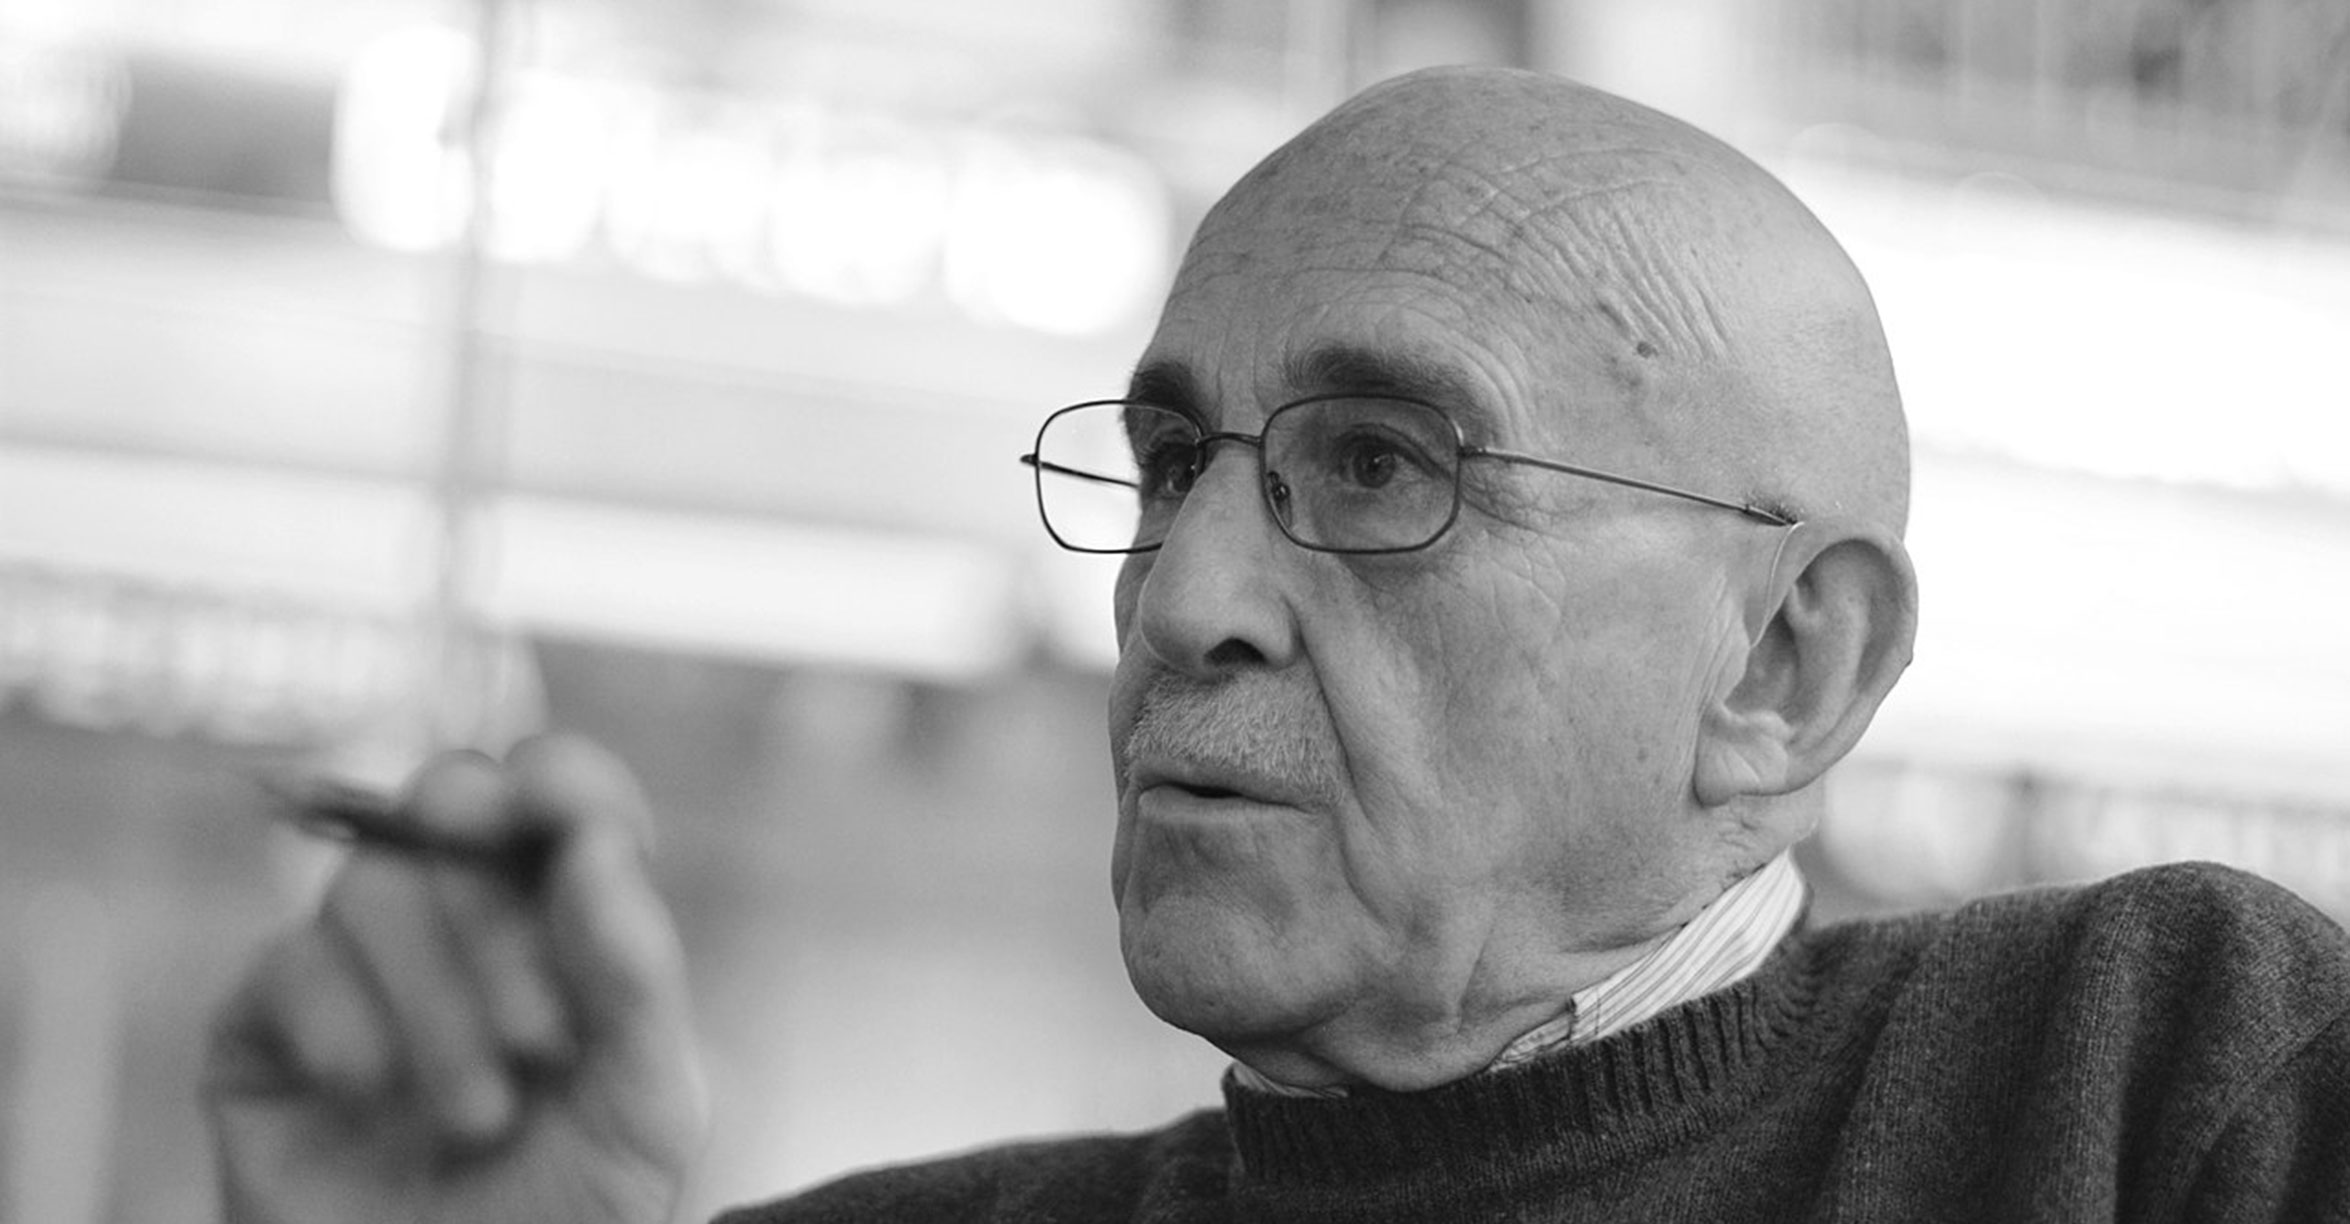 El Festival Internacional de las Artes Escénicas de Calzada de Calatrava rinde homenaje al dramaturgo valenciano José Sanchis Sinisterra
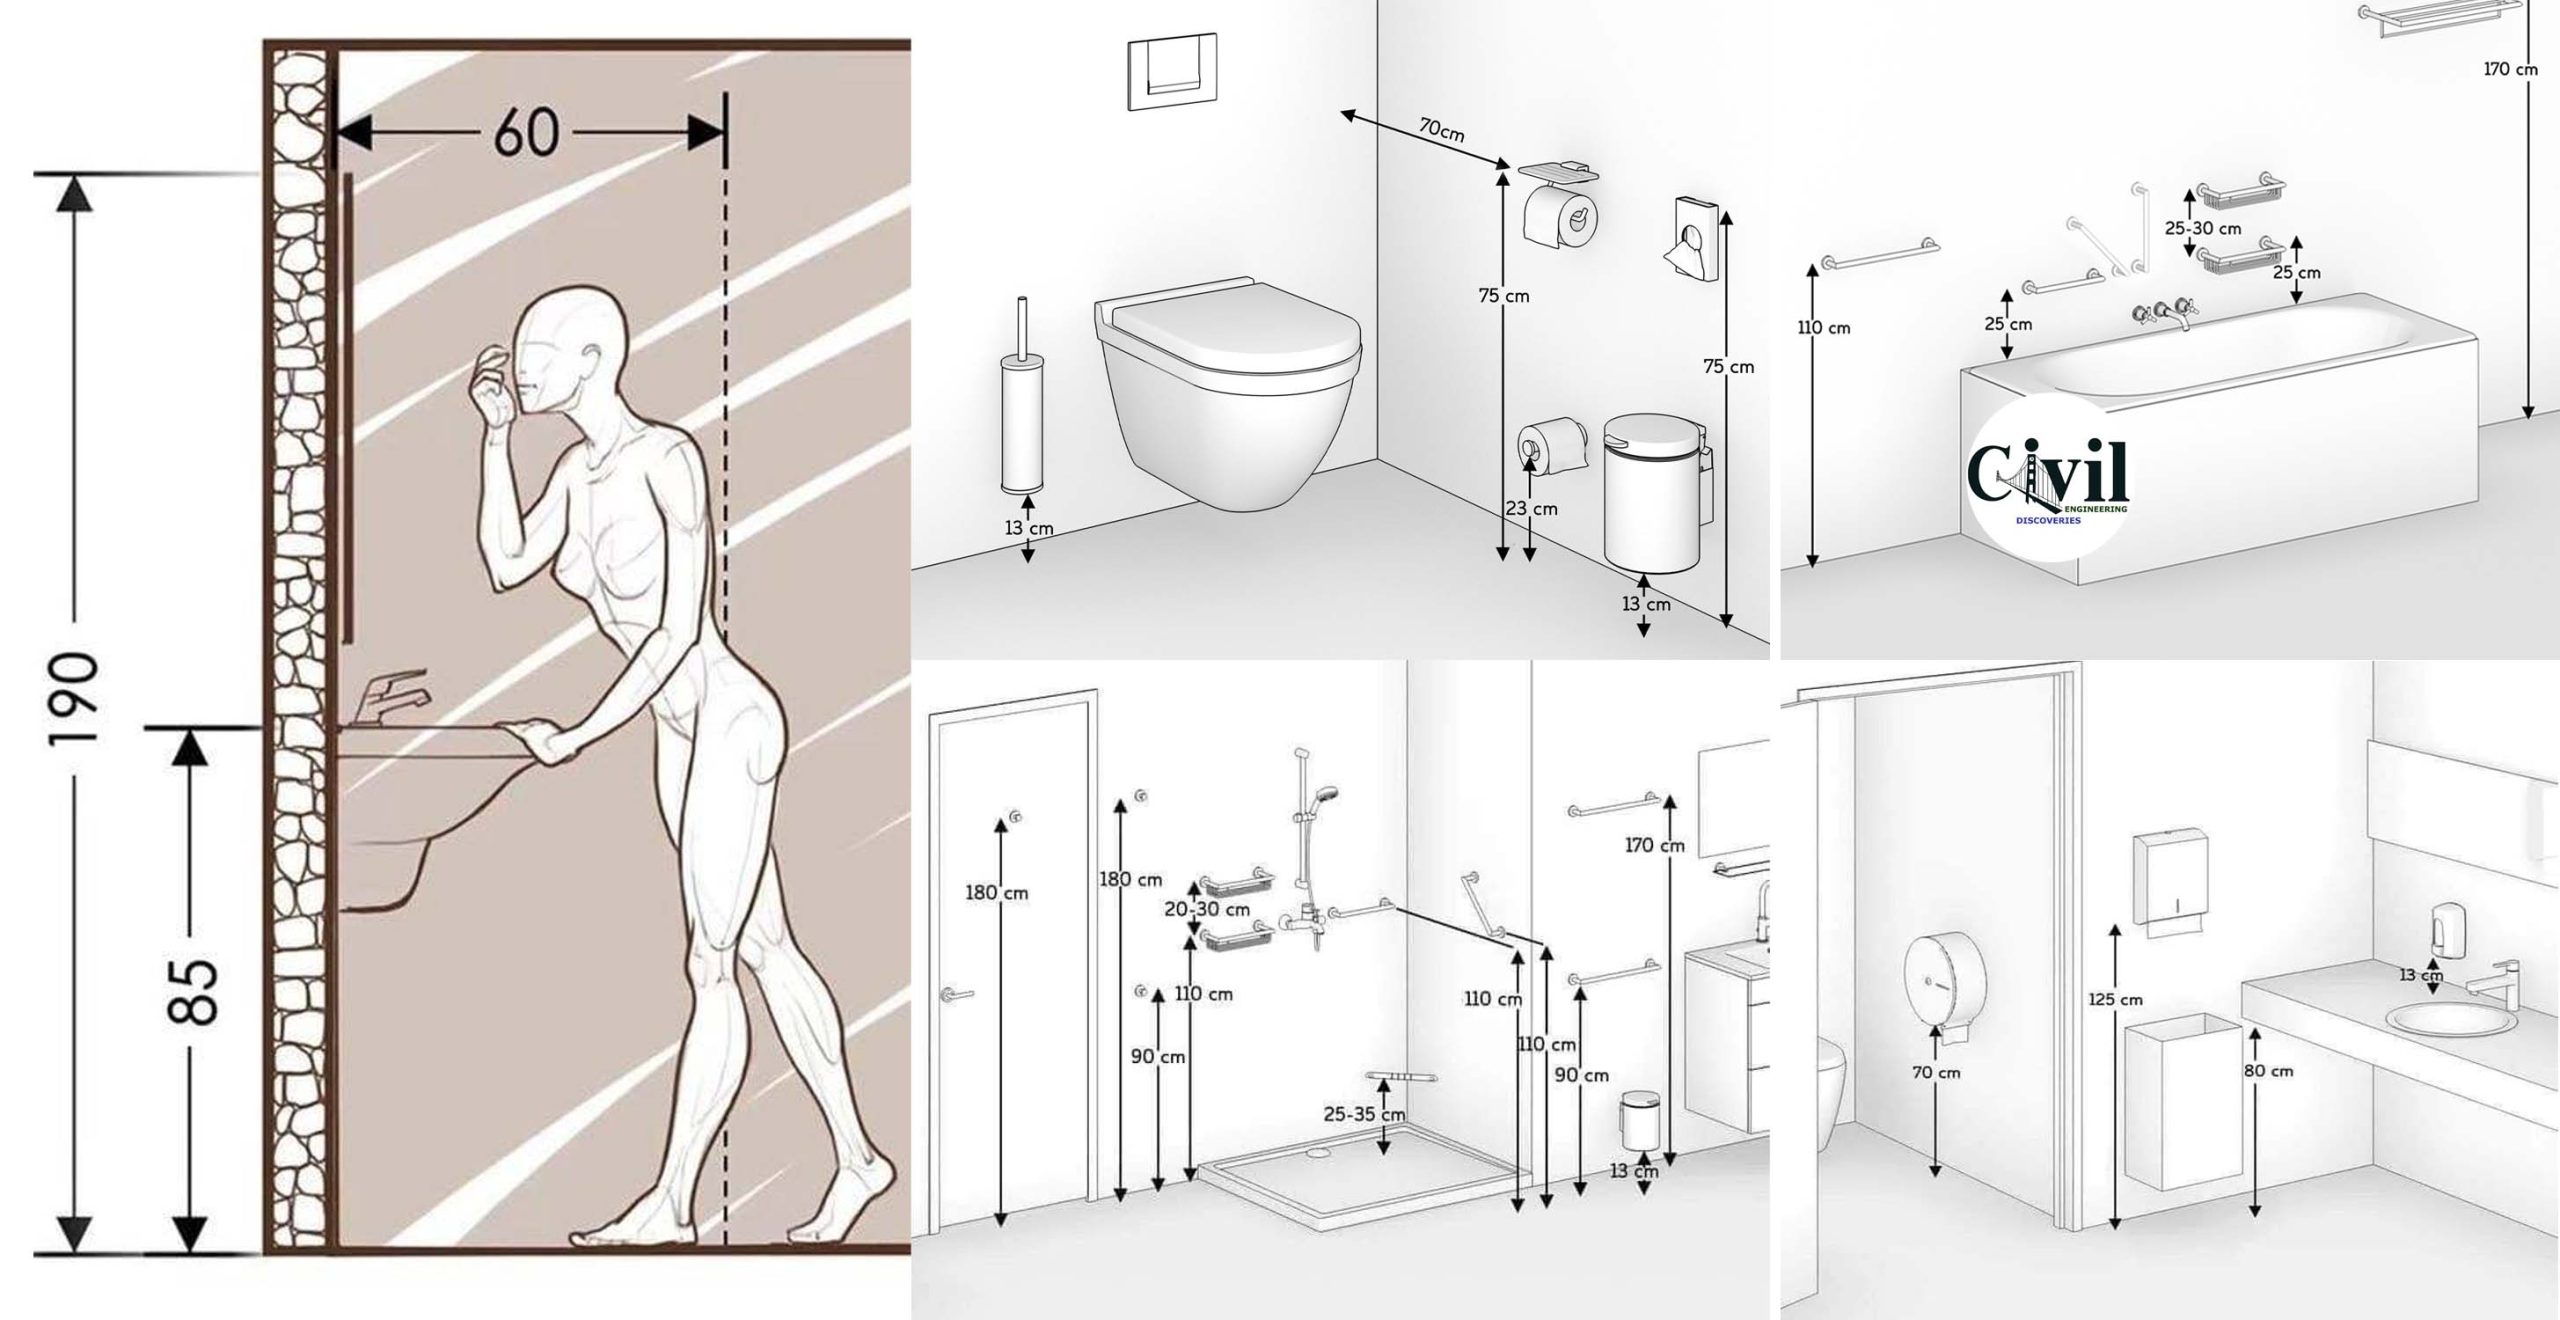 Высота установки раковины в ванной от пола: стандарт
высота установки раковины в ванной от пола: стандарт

- **EXERCISE**: When you transcribe the lines above, keep every word exact but leave the pictures behind.

- **SOLUTION FOR THIS EXERCISE**:
 El Festival Internacional de las Artes Escénicas de Calzada de Calatrava rinde homenaje al dramaturgo valenciano José Sanchis Sinisterra
 Высота установки раковины в ванной от пола: стандарт
высота установки раковины в ванной от пола: стандарт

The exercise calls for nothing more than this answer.